1. Establish and implement a shared administrative infrastructure.

Administrative services that will be markedly strengthened by centralization include many information technology functions; most preservation functions; and certain significant technical services such as acquisitions and cataloging.

Translated into labor terms, (with the exception of IT1), there will be less people doing these jobs at Harvard in the future. Add to this remarks like Nancy Cline’s, “were looking at buying catalog records from an outside vendor”.  This plan to outsource cataloging jobs will be more likely in a more centralized environment.
2. Rationalize and enhance our information technology systems.

The origin of the ‘irrational’ information infrastructure is glossed over. I submit that a big part of the problem has been management afraid of technology and insisting on hiring specialists to allow them to continue operating with minimum perturbation of their own jobs. Rather than using technology to extend their own capabilities, they hire someone to  translate old ideas into the new reality. Workers who make the effort on their own to know what’s happening in the wider world are punished or marginalized. In the college libraries, websites sprang up because interested employees thought it would help their organizations.
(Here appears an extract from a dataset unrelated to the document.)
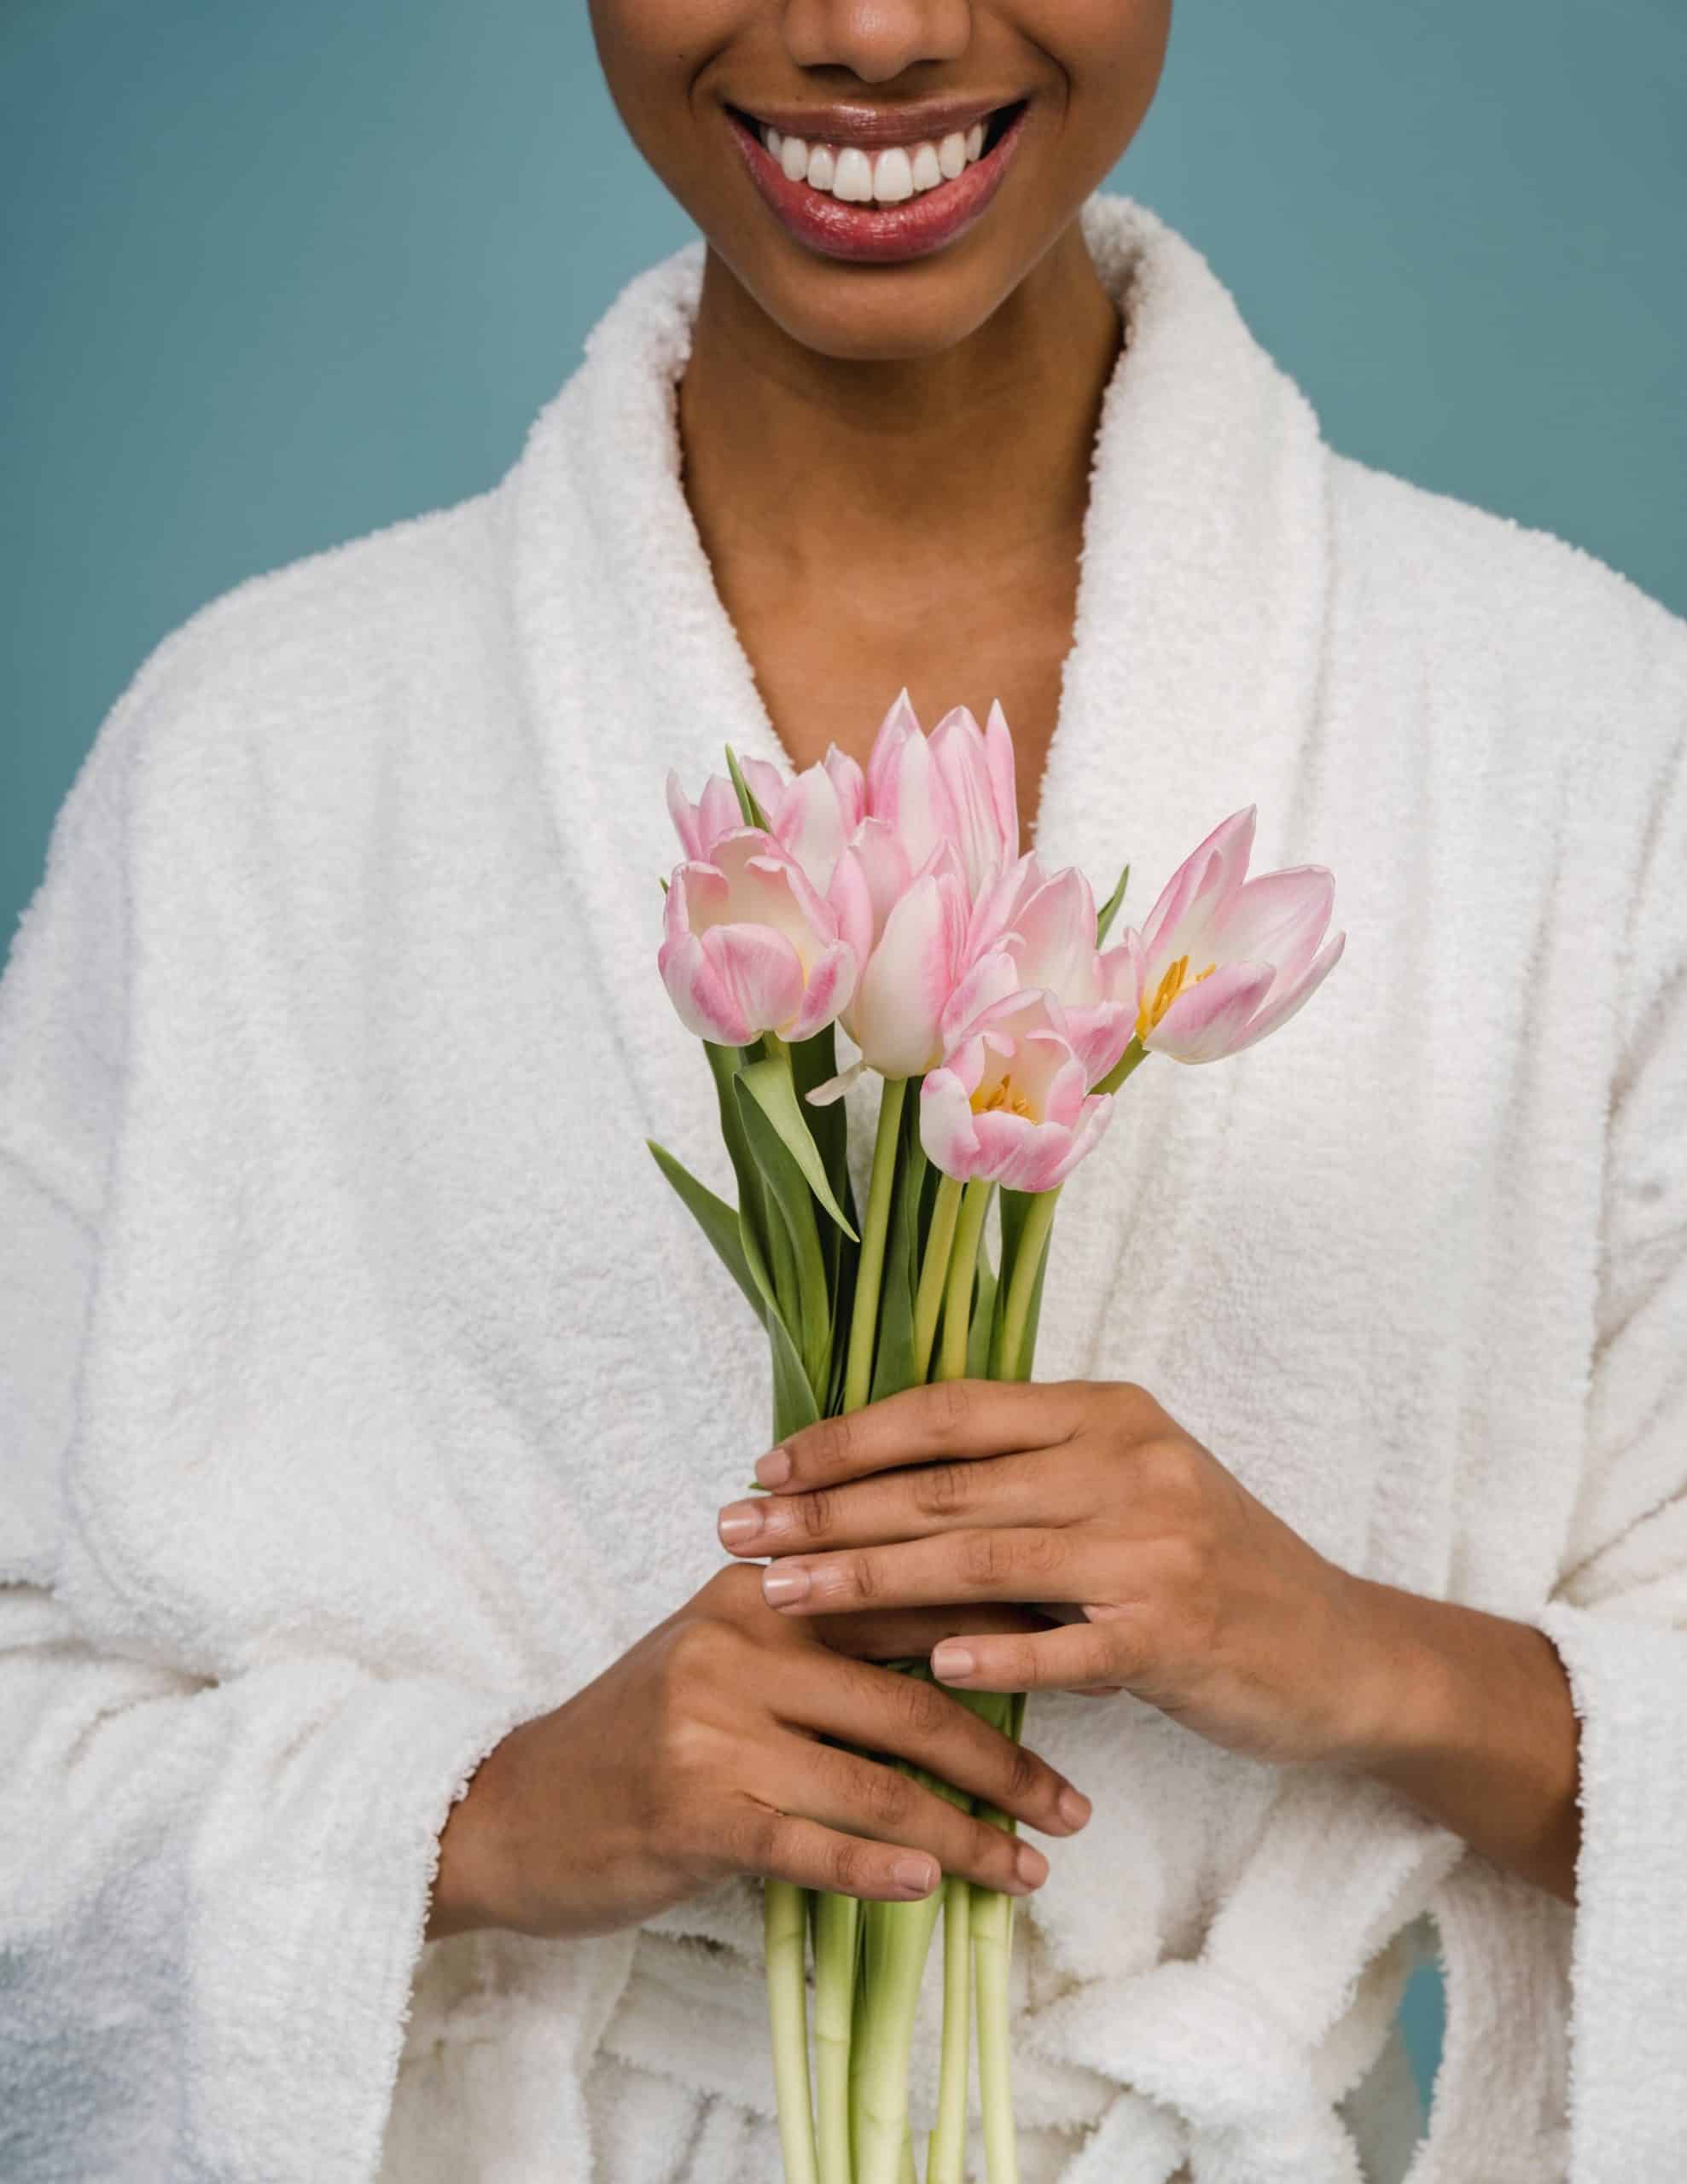 How to choose a warm, feminine bathrobe?

Each one had its own look, but because the information was entered by the people closest to its origin, the were accurate. One of the early moves in centralization was to kill off these examples of Zittrain’s generative internet and impose a top down approach which requires extensive communication off the net to get the sites to be accurate.

3. Revamp the financial model for the Harvard libraries.

What’s remarkable here is there is no mention of  “Every Tub on It’s Own Bottom” which is second only to “Eating Your Children” to endowment fundamentalists. Is somebody going to be able to get the Widener’s, the Langdell’s and the Baker’s to agree on this? [The word tub appears  once and subtub once, but the whole phrase not at all.]

4. Rationalize our system for acquiring, accessing, and developing materials for a “single university” collection.

Another expression of centralization which if implemented as in the past means ‘out with the old employees in with the new’.

5. Collaborate more ambitiously with peer libraries and other institutions.

This recommendation has the potential to be good for a broad range of people including labor at Harvard and the other institutions. Whether good things find there way into reality depends on whether HUCTW can be vastly more effective than it has been in relating to labor at the other institutions. One question the Task Force report does not ask; Why does such cooperation not already exist? Have the libraries at other institutions been reluctant to work with the Harvard Libraries?

Among the principles to be kept in mind in implementing these recommendations, the Task Force has included:

 Strategic investments must be made in human capital to achieve these objectives and reforms.
On its face this sounds good, but based on past experience, I have to wonder if the reality will be a continuation of existing trends – ‘investing’ in new narrowly specialized employees instead of current employees who in many cases are more flexible and able to learn than the managers they work for. I don’t speak for the No Layoffs Campaign, but to me ‘No Layoffs’ doesn’t mean that people will be doing exactly the same thing three years from now as they are doing now.  Who wants to be bored like that? It means that learning will be a natural part of work rather than factory style acquisition of commodity training. The Libraries specifically and Harvard generally have to commit to it’s employees on all levels. The question of levels itself, I’ll discuss later.

1This phrase, in and of itself, presupposes an industrial model of information infrastructure which I have strong doubts about.